Obviously, in the Lemmings series of games there are much more other abilities, but I suppose (although I haven’t tested them all) that they will be just combinations of all the above. Miner, for example, is a variation of Basher, but instead of moving forward, it digs forward and down.


Get down smoothly like mary poppins


Examples of using some abilities

"Liquids"

Or as I call them, the fill nodes. This is another fun addition. Their high-level logic is as follows: they are dynamic nodes that have their own “search for paths”. Put them all together and get a fluid effect. As shown in the video, you can also create the effect of falling snow.

Here's how it works - we have the following class:

 public class FillNode { public int x; public int y; public int t; } 

x and y is, as you might guess, the node address. t here is the number of times the fill node has been in the “deadlock position”. You can experiment with numbers, but for myself I chose that if it was in it 15 times, then the node is considered to be stopped, thus turning from the filling node into a normal node.

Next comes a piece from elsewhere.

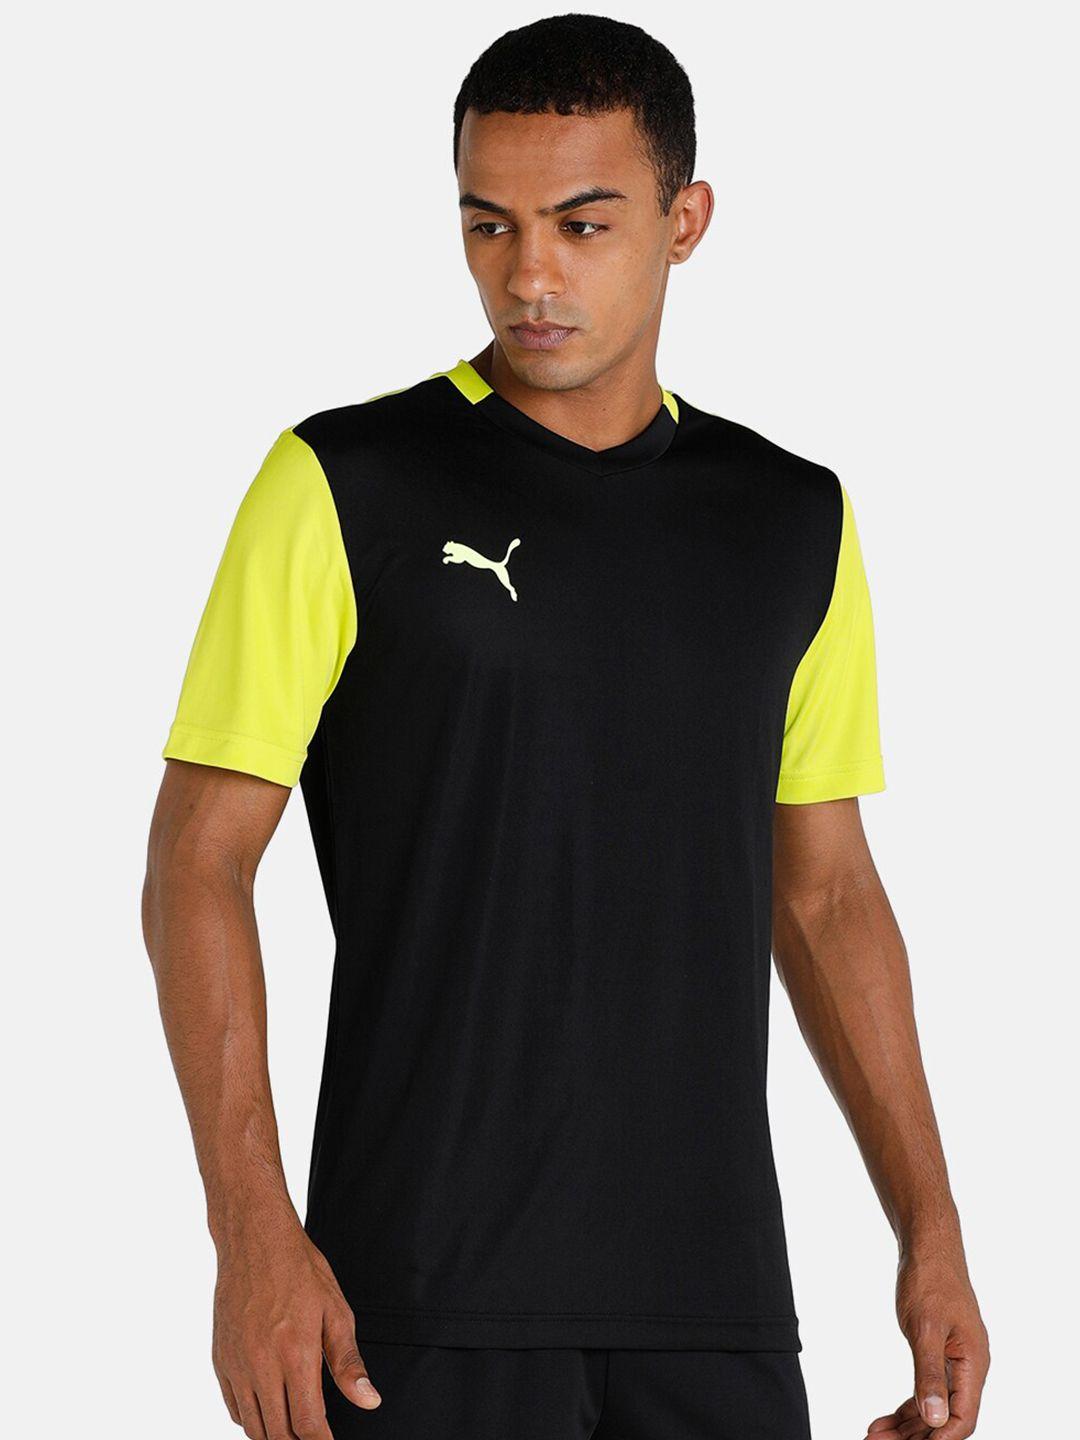 puma-men-black-&-yellow-colourblocked-v-neck-drycell-outdoor-t-shirt

The fill nodes are not updated every frame, because then they would have to change position 60 times per second, because of which they could move too fast. We use the universal timer acting only on them. Personally, I used the update every 0.05 seconds, but you can experiment with it to get various effects of the fluid.

So, when they are updated, their “search for paths” looks like this:

1. We check if there is a node under our node, if not, then this filling node has fallen outside the map.
2. If it exists, then we check if it is empty. If it is empty, then clear the pixel in which we are and add it to the pixel (node) below. So we keep moving down.
3. However, if it is not empty, check the pixel forward-down. If it is empty, move there.
4. If the forward-down is full, then move back-down.
5. If we are in a position from which there is no place to move, then we add to the filling node t.
6. If t is greater than the value we specify, then delete the fill node and leave the pixel full.

t is responsible for three aspects. First, by removing nodes that are not moving, it ensures that we do not have a huge list of filling nodes. Secondly, it allows you to avoid sticking the nodes to each other when falling. Thirdly, if the node is at a dead end, but is not yet considered to be stopped, then the unit digging under it will cause the filling node to fall down during the next update, which creates a beautiful dynamic effect.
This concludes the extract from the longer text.